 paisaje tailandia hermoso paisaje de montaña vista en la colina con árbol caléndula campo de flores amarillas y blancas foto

——

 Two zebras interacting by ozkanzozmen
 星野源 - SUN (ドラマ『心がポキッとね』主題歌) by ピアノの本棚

——

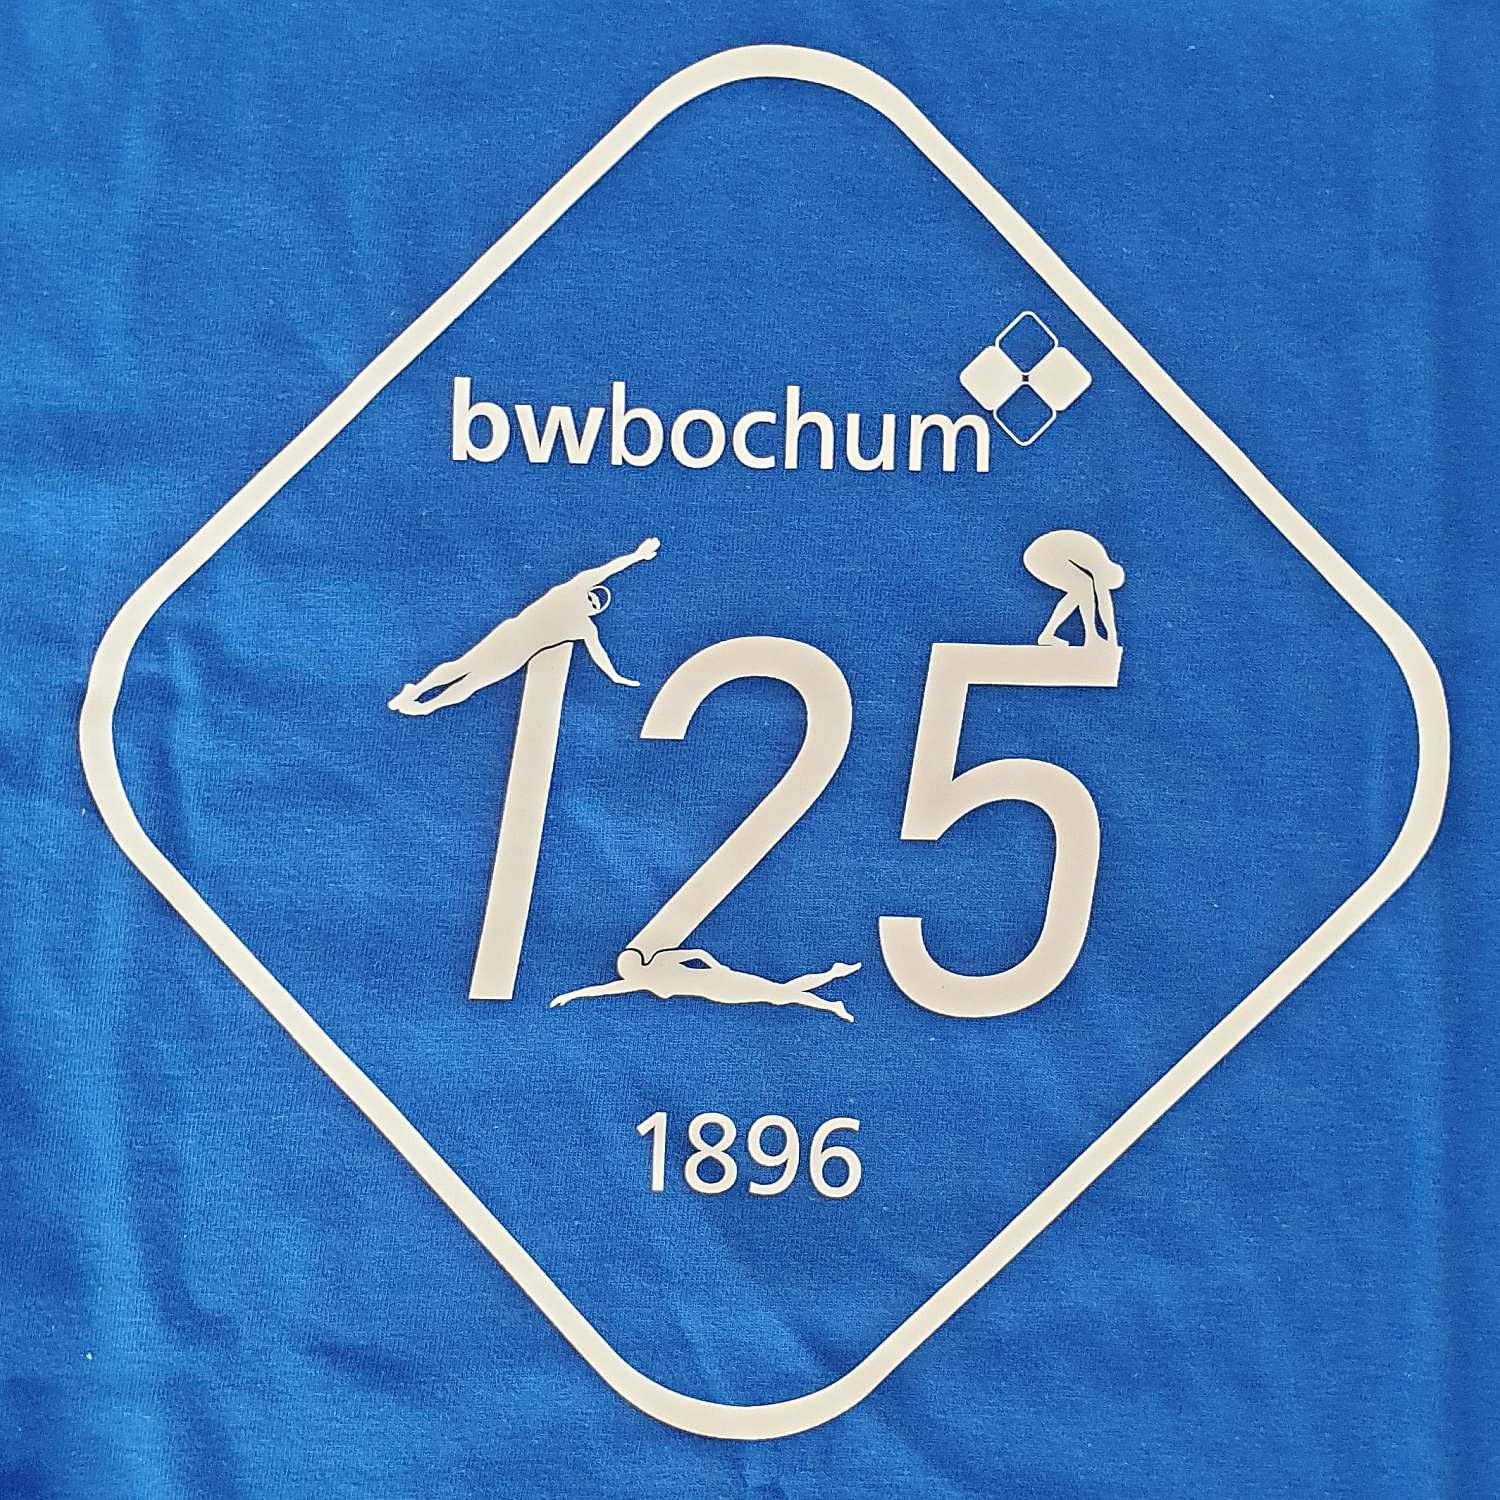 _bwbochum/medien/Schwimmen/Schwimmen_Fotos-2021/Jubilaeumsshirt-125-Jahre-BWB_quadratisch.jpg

——

» **TRY IT**: Return a word-for-word copy of the lines above from the one holding "Two zebras interacting by ozkanzozmen" through the one holding "星野源 - SUN (ドラマ『心がポキッとね』主題歌) by ピアノの本棚", with both of them included and nothing besides.

» **SOLUTION**:
 Two zebras interacting by ozkanzozmen
 星野源 - SUN (ドラマ『心がポキッとね』主題歌) by ピアノの本棚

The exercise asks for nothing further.